20 December 2023
The Nutty Series: American chestnut
‘Chestnuts roasting on an open fire / Jack Frost nipping at your nose / Yuletide carols being sung by a choir / And folks dressed up like Eskimos.’
— NPR: The Story Behind the Christmas Song
Despite the popularity of The Christmas Song, you’ll never find nuts of the American chestnut in the wild. By the time The Christmas Song was written in 1945 mature American chestnuts were nearly gone from North America. Today there are so few surviving mature trees that Wikipedia lists only 25 locations though people are always searching.
American chestnuts (Castanea dentata) used to be more abundant than oaks within their native range.
Then in the late 1800s someone imported Japanese chestnut trees that had chestnut blight. Asian chestnuts are immune, American trees are not. First noticed at the Bronx Zoo in 1904, chestnut blight spread quickly and nothing could stop it. By 1950 mature American chestnut trees were gone throughout their range.
Chestnut blight is caused by a fungus that kills the above-ground portion of the tree by getting under the bark and girdling the trunk.
The stump lives and sends up seedlings though they die as saplings. The process repeats — seedlings, sapling, death. Most stumps are at least a hundred years old.
To find a chestnut in the woods I look for the leaves at knee height. The photo below shows a typical American chestnut stump with seedlings. This one has a dead sapling as well.
For over 70 years arborists have been searching for a cure for chestnut blight and trying to breed immune American chestnuts. They have crossed the American chestnut with Chinese chestnuts, then back-crossed the hybrid to another American chestnut. These efforts, supported by The American Chestnut Foundation among many others, take decades to realize any success.
There are several experimental orchards in Pennsylvania.

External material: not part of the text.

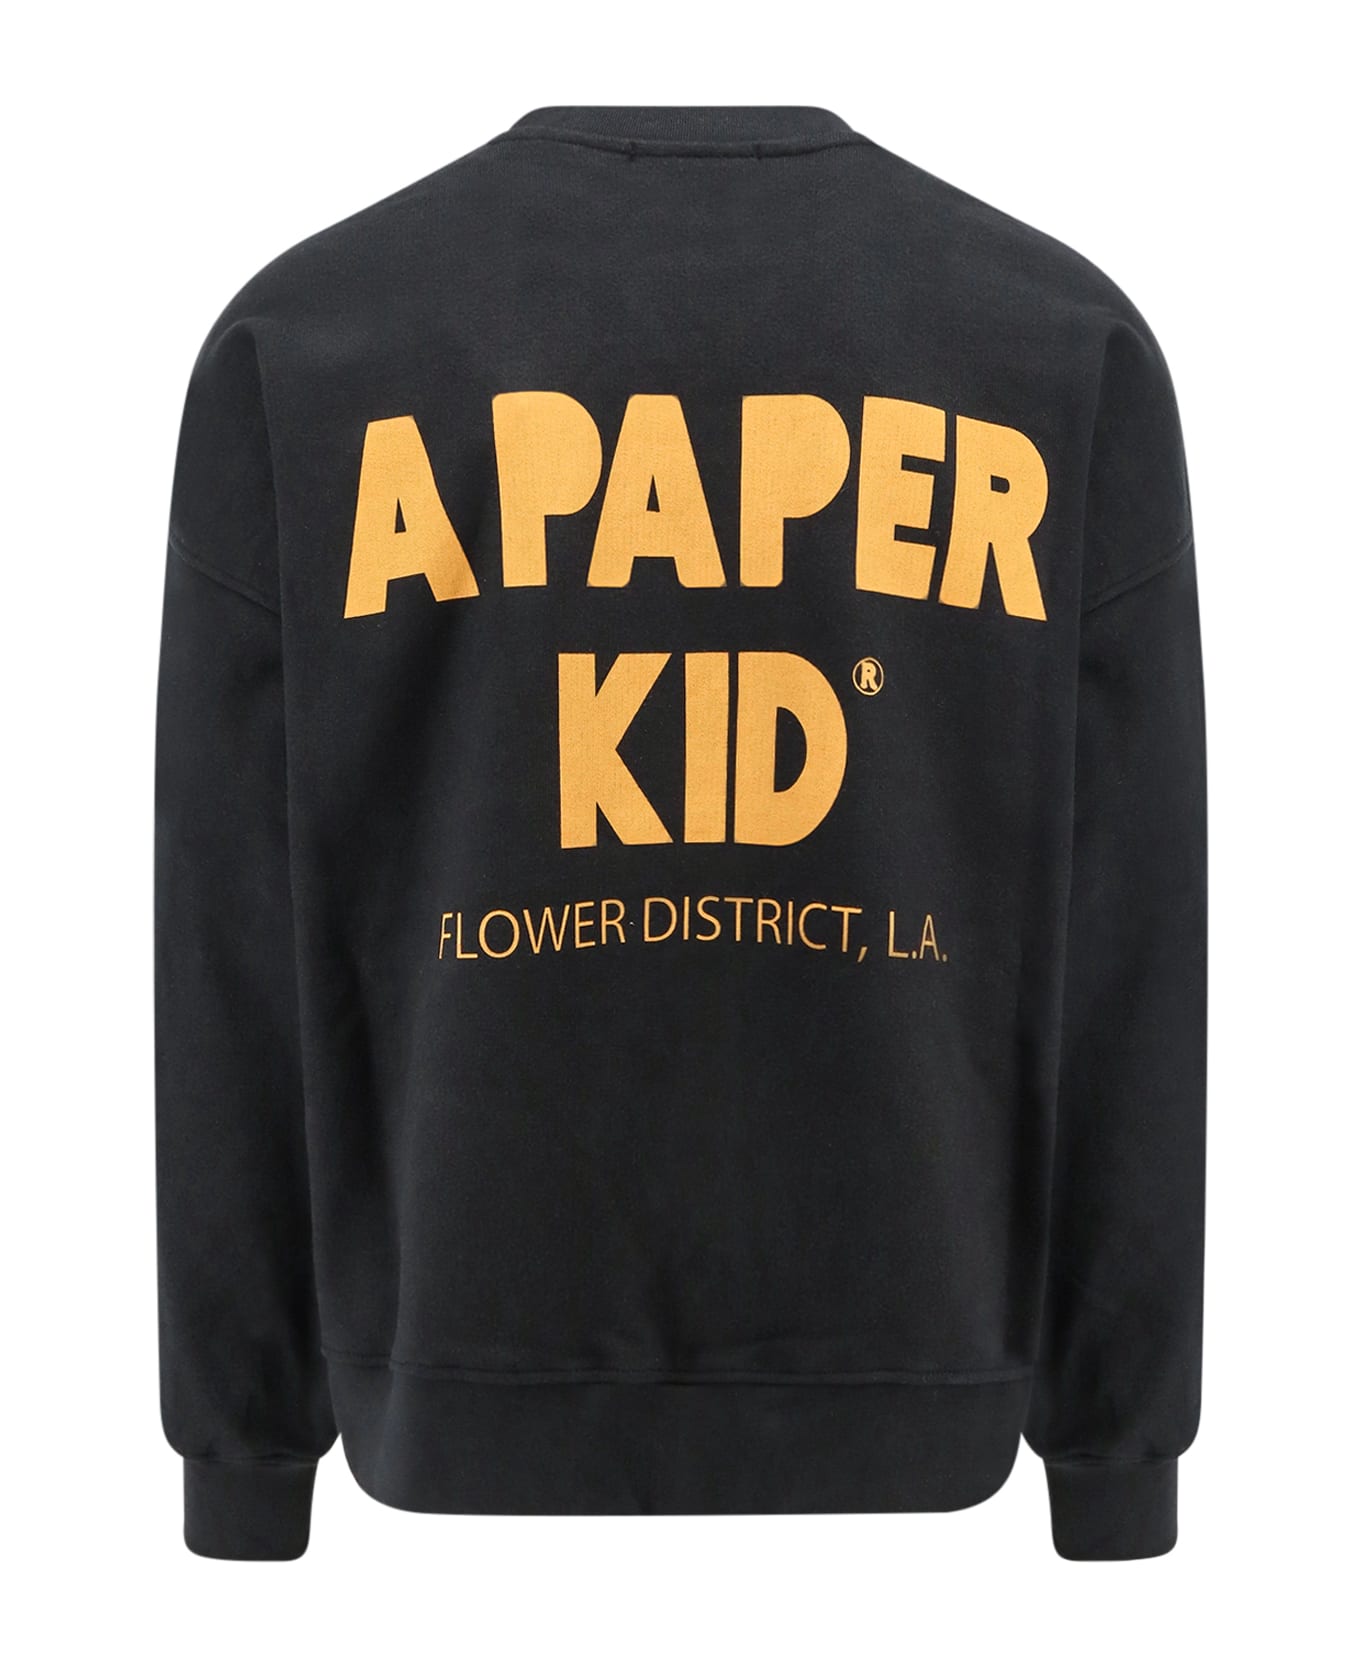 A Paper Kid Sweatshirt

All are protected from deer.
Arborists collect the nuts, not to roast but to plant, so we’ll have more chestnuts some day.
As potentially successful hybrids become available, they are planted more widely — still in protected areas — to test their immunity and build back the chestnut population.
At these locations the leaves are above knee height.
Perhaps in one to two hundred years the nuts of American chestnuts will be easy to find and we’ll appreciate the first phrase of The Christmas Song again.
(credits are in the captions)
We lived in central Virginia for many years. Good friends of ours had a property just outside the boundaries of the Shenandoah National Park. Two of the known 100 American chestnut trees in Virginia were on their property. Every year, people from the forestry service came to collect pollen from those blight resistant trees to use in development of more blight resistant chestnut trees. Our friends were delighted to be the keepers of such a valuable botanical legacy.